So if I understand what this says a simple transfer grill allowing in cold air in the middle of winter would not seem to fit the bill.......unless they account for it in the HVAC system?  Am I reading that right?  Does that come from 09?  06 gives the exception for "air that does not decrease the comfort conditions of the space" that itself seems a bit arbitrary doesn't it?


----------



## mtlogcabin (May 10, 2012)

Yes it is from the 09 but the same lanquage is in the 06 code.


----------



## Sifu (May 11, 2012)

mtlogcabin said:
			
		

> Yes it is from the 09 but the same lanquage is in the 06 code.


2006 IMC

508.1.1 Makeup air temperature. The temperature differential

between makeup air and the air in the conditioned space

shall not exceed lOoP (6°C).

Exceptions:

1. Makeup air that is part ofthe air-conditioning system.

2. Makeup air that does not decrease the comfort conditions

of the occupied space.

#2---The air can be greater than 10 degree difference if it doesn't make you uncomfortable.  Why write a specific code if you turn around and give it such an arbitrary exception?  One mans too cold is another mans just right!


----------



## Darren Emery (Oct 23, 2012)

To continue this a bit:  there is a sentence in the commentary that says:  "Rarely if ever would the need arise to cool the make up air."  If the goal of this section is employee comfort (as stated in the comentary) why would you NOT want to cool the make up air stream when it is 100+ outside?  If the MUA is entering the kitchen environment, and it's 110 outside (and perhaps 120+ on the roof) that kitchen AC is going to have a heck of a time handling all that extra heat load.
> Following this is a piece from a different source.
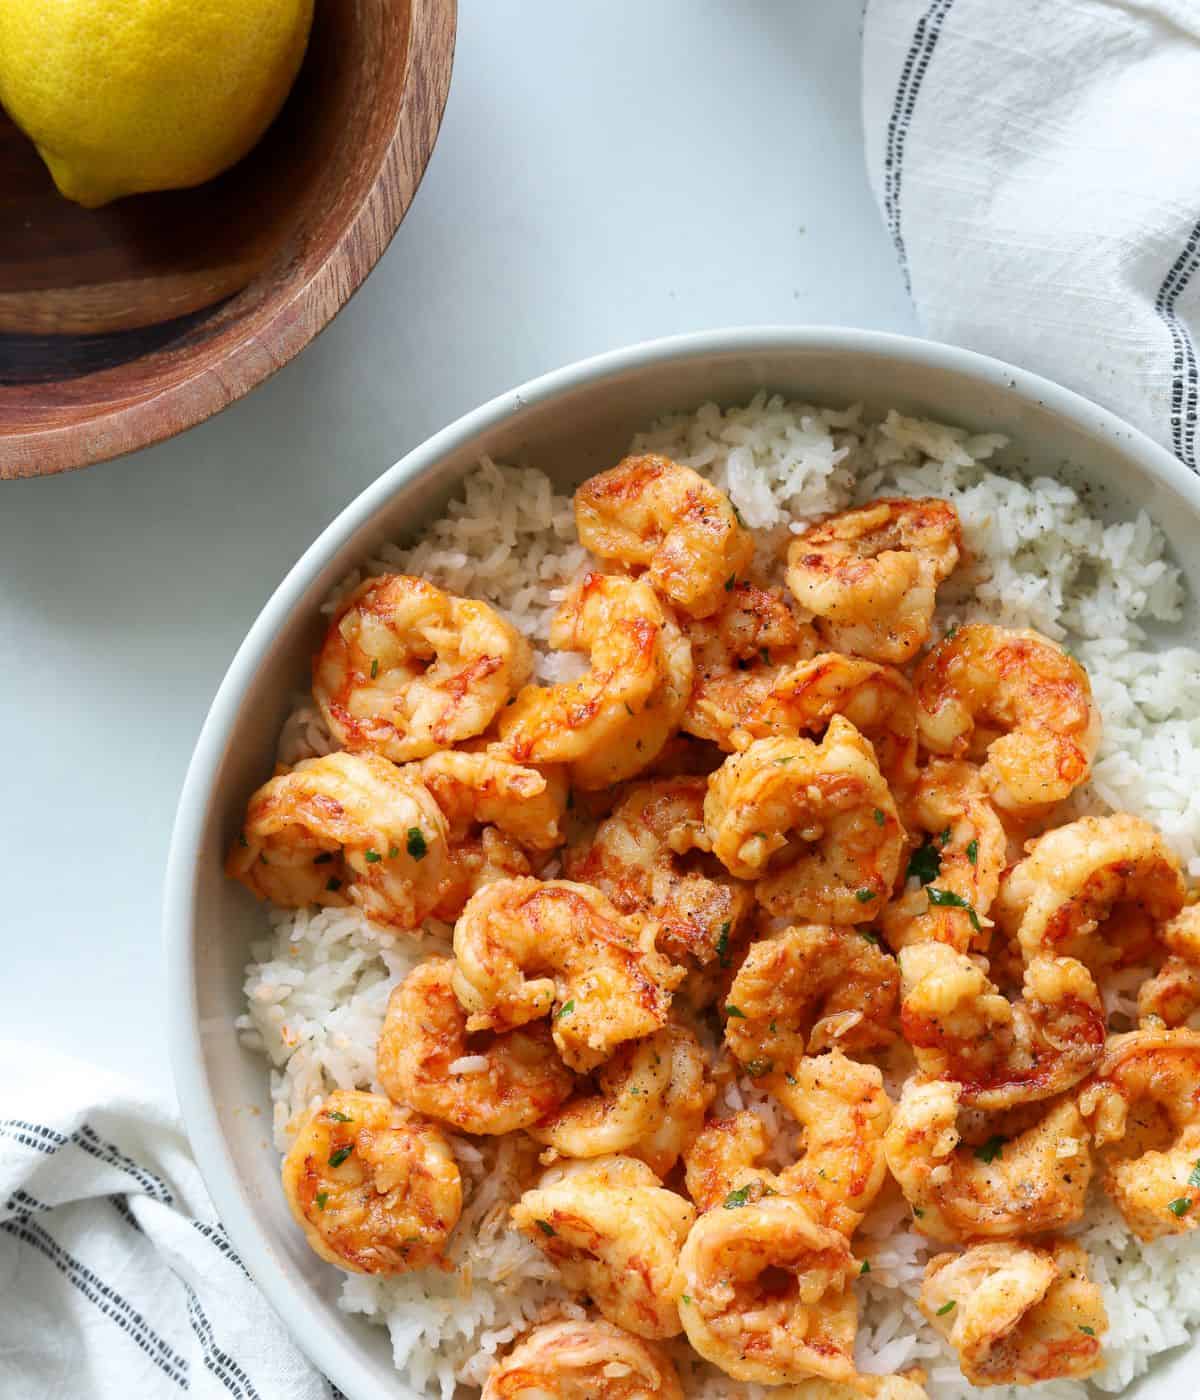 overhead view of shrimp in large bowl over rice with lemons in a bowl on side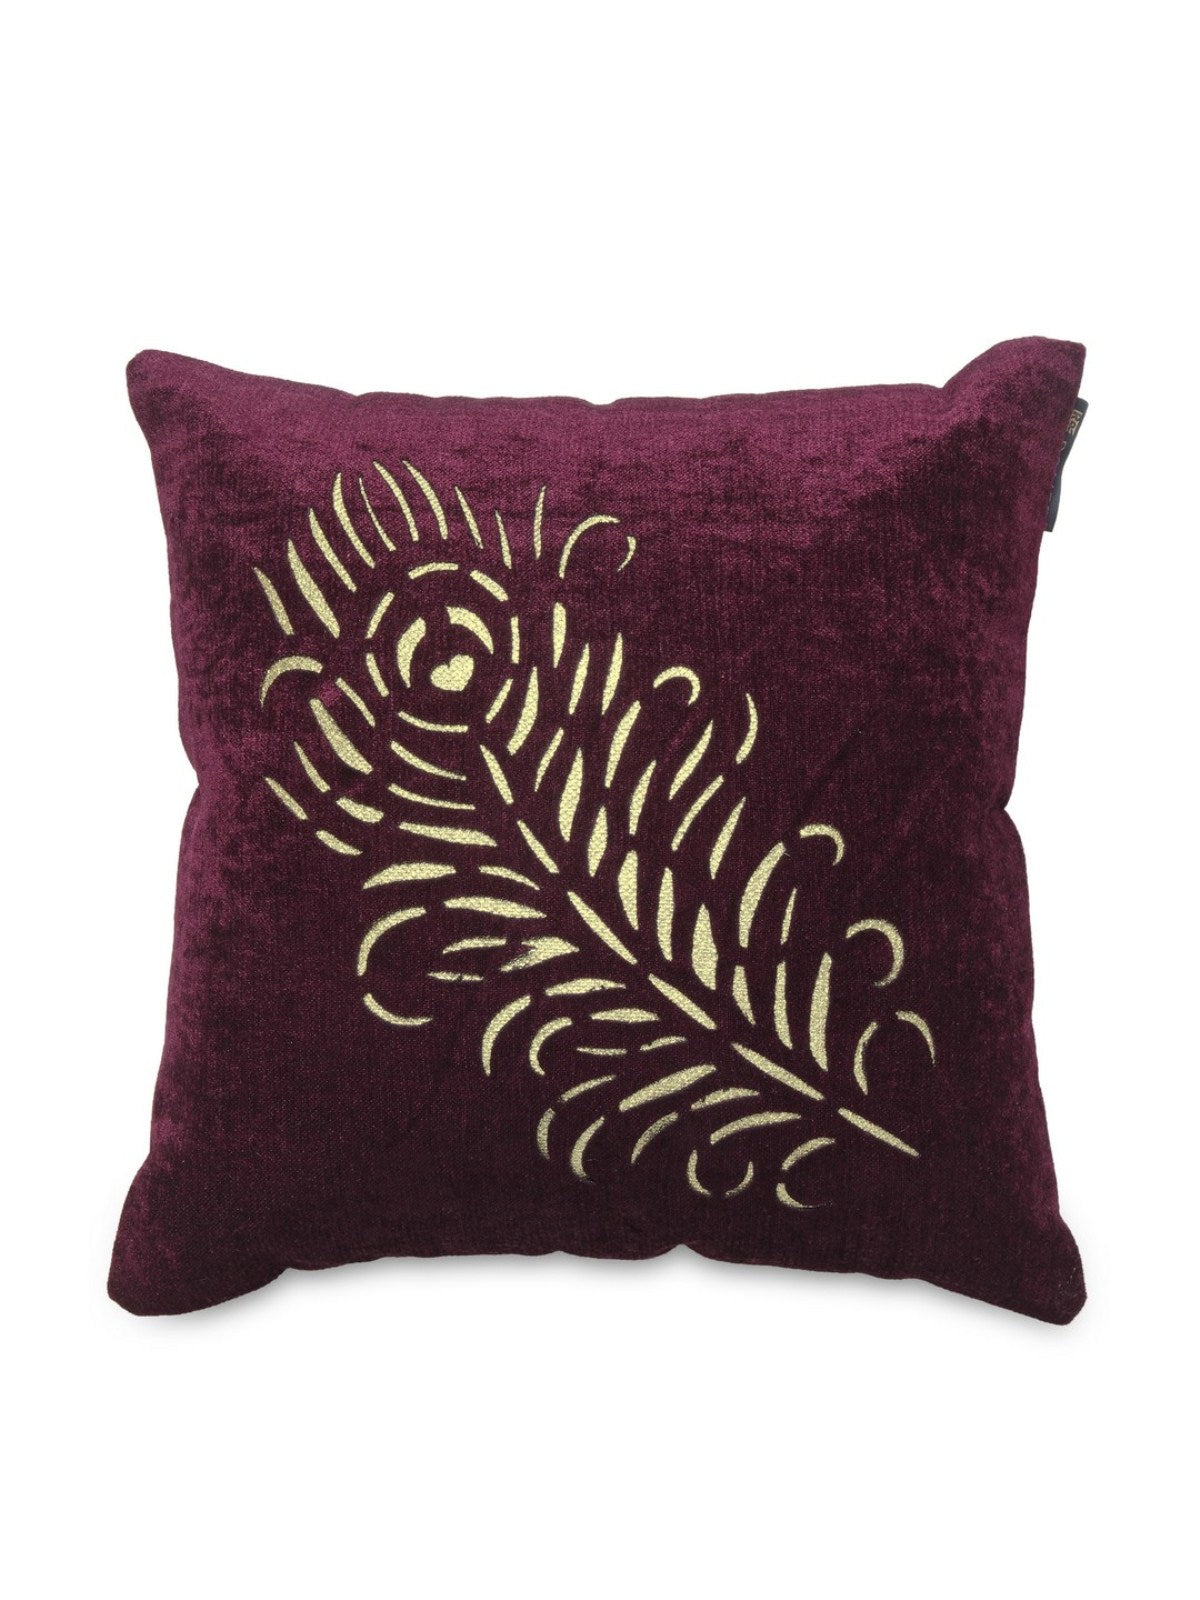 Peacock Feather Cut Designer Velvet Cushion Covers 16 inch x 16 inch, Set of 5 - Purple

We have focused on heating the MUA for years now...perhaps its time to consider the cooling side as well, what with global warming and all.


----------



## mtlogcabin (Oct 23, 2012)

Heating the air is more than employee comfort it also contributes to emplyee health. Standing over a hot stove and having 15 or 20 degree air blowing down your neck is a good way to catch a cold. Cooling the MUA is a requirement of 508.1.1 and is probably a good idea in KS and other areas where the summer temps can get really high for prolong weeks or months.


----------